Provision of financial services
The Financial Services Act (FinSA) provides for rules governing the provision of financial services to clients located in Switzerland (irrespective of whether these financial services are provided in Switzerland or on a pure cross-border basis). The term “financial service” includes the:

  • acquisition or disposal of financial instruments;
  • receipt and transmission of orders in relation to financial instruments;
  • management of financial instruments (portfolio management); and
  • provision of personal recommendations on transactions with financial instruments (investment advice).

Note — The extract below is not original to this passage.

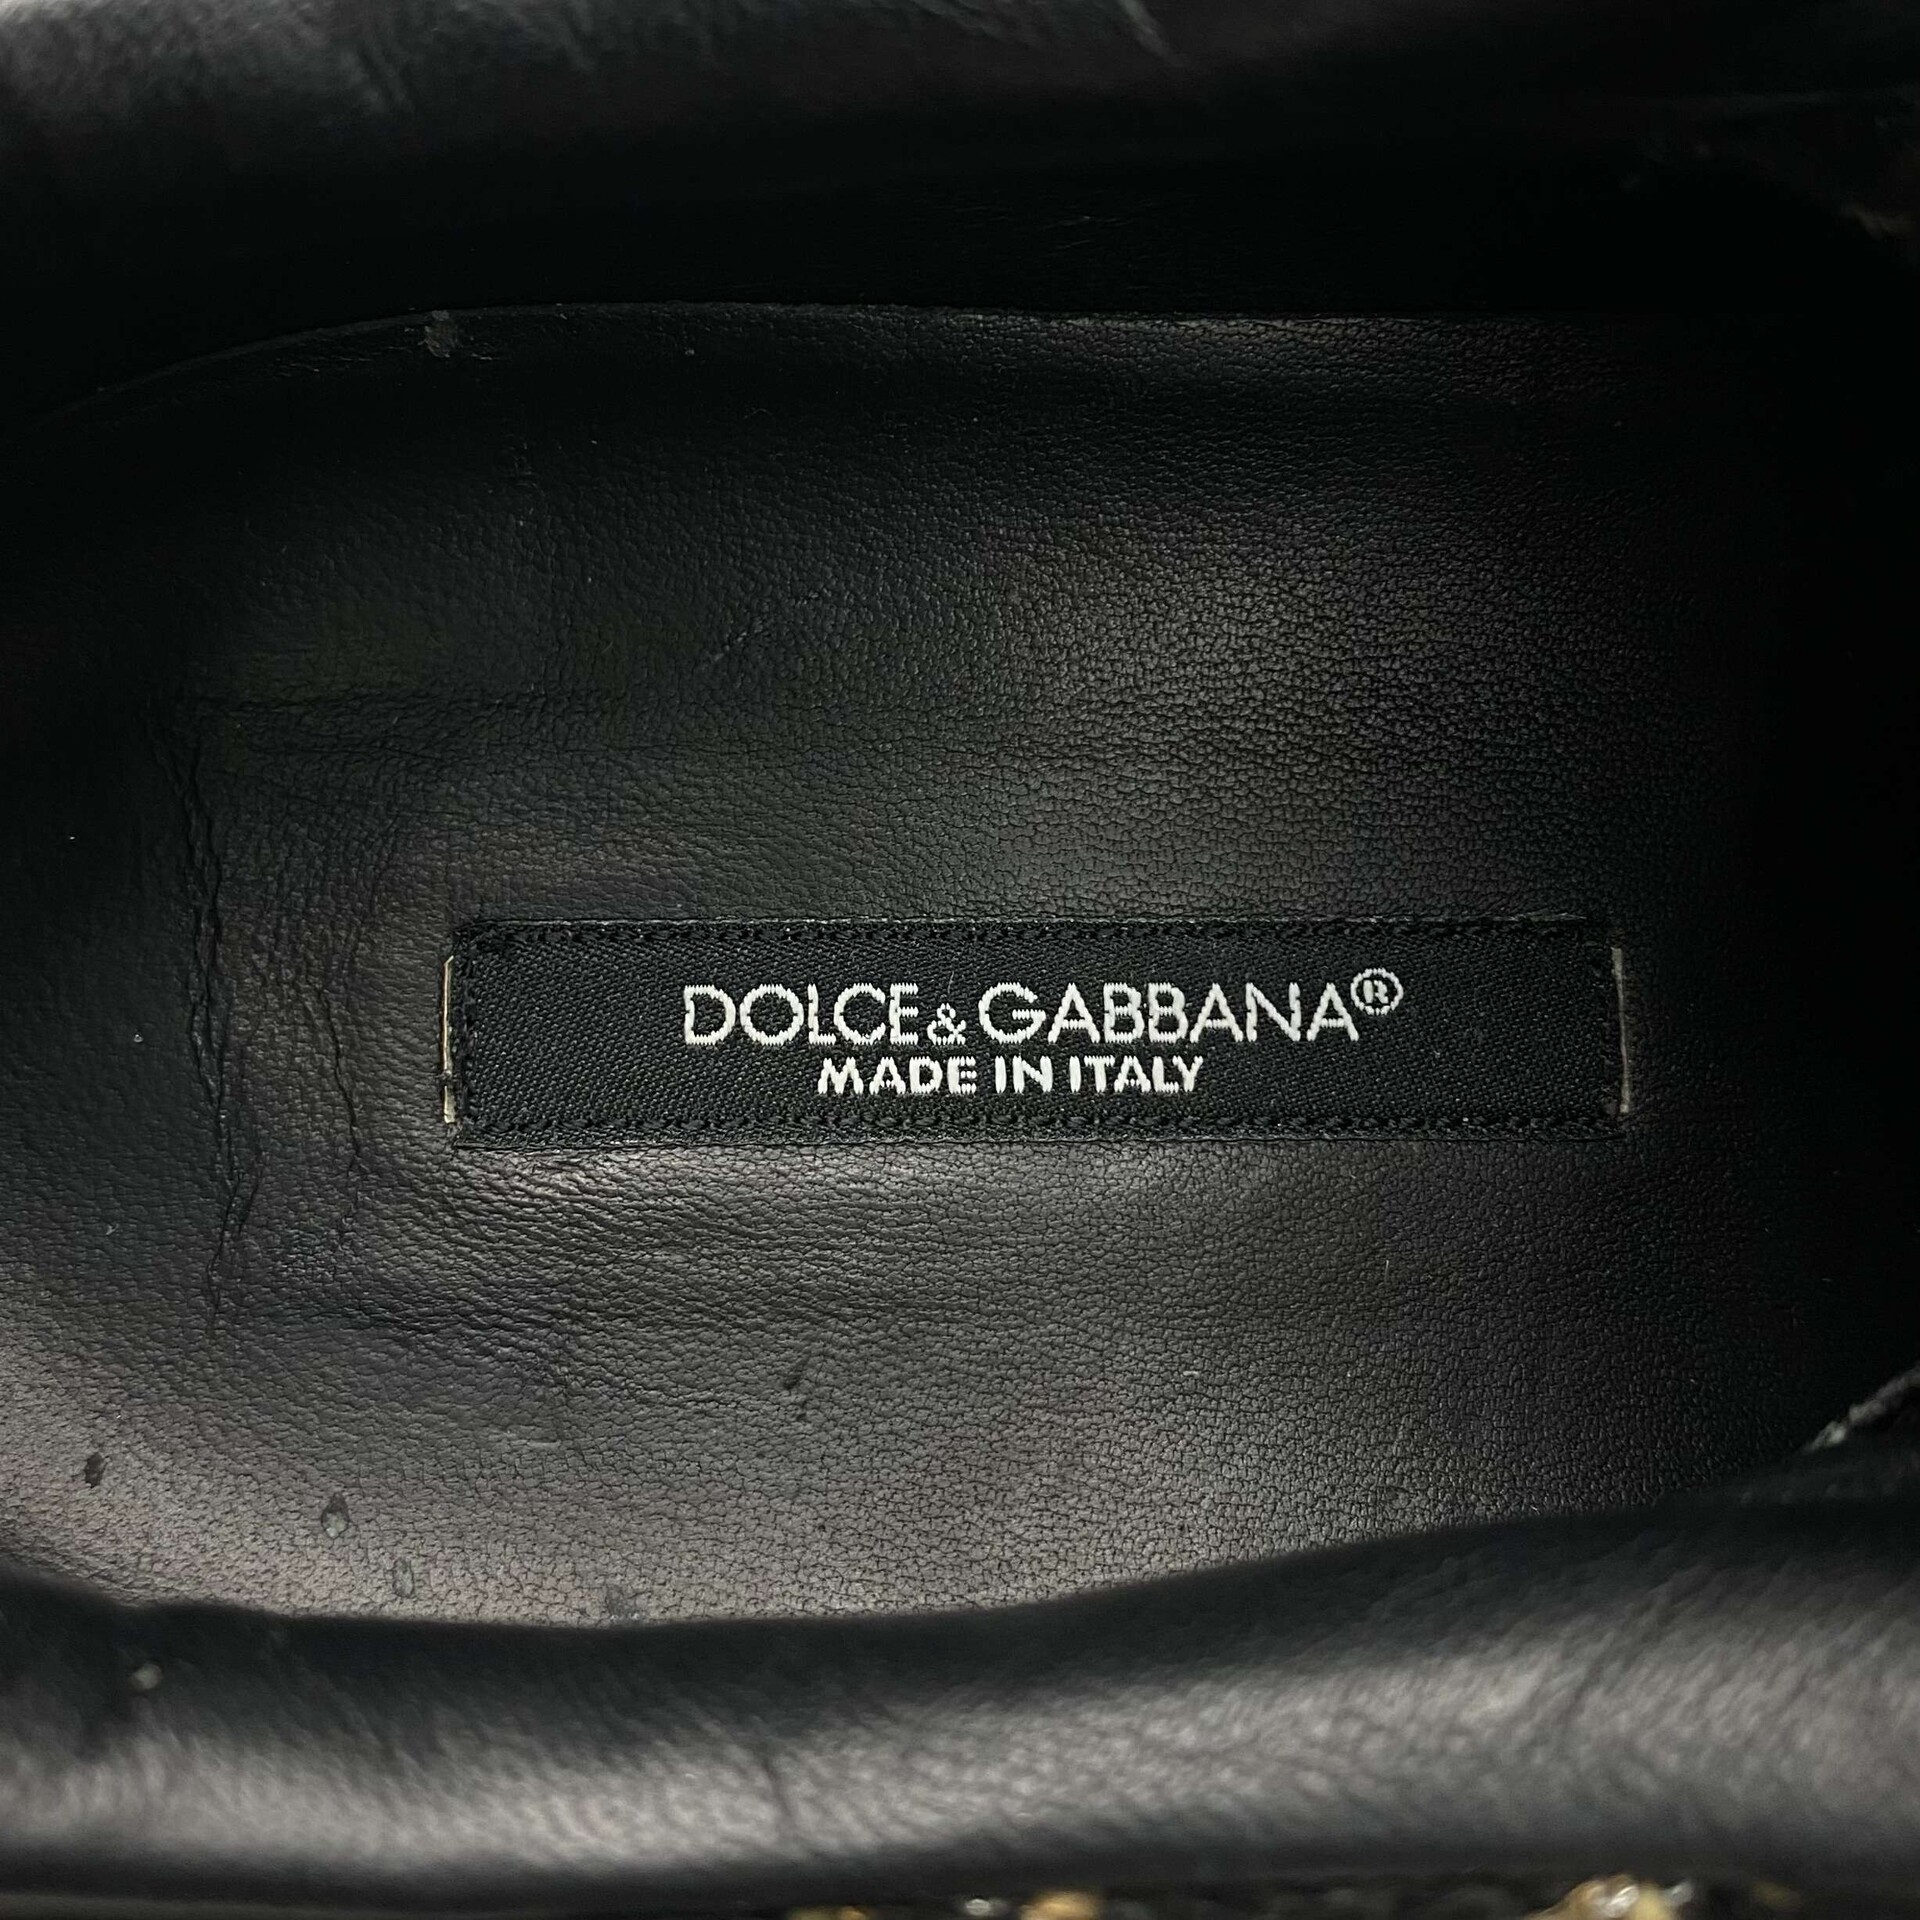 Tênis Dolce & Gabbana Tweed Cano Baixo

While OTC derivatives typically do not satisfy the requirement of suitability for mass trading and thus do not qualify as securities, these derivatives are nevertheless covered by the notion of financial instruments. As long as the parties only trade in these securities or financial instruments as counterparties for their own account, without providing a financial service to a client located in Switzerland, they do not qualify as financial service providers. Thus, they are not subject to the FinSA. However, anyone who provides personal recommendations to gas traders located in Switzerland on transactions with energy derivatives that qualify as a financial instrument would fall in scope of the FinSA.

Comment

The Federal Council considered that there is no standard legal framework to ensure effective competition in Switzerland. As a result, different conditions for the gas supply by third parties have emerged within the various regions of the gas network. Access to the gas transport network is still decided on a case-by-case basis, and four separate accounting zones continue to exist in Switzerland. Therefore, it proposed a new GSA that aims to provide for clear rules to facilitate the development of an efficient Swiss gas market. The new GSA underwent a consultation process from October 2019 until February 2020. Next, the Federal Council will refer the respective dispatch to the Swiss Parliament.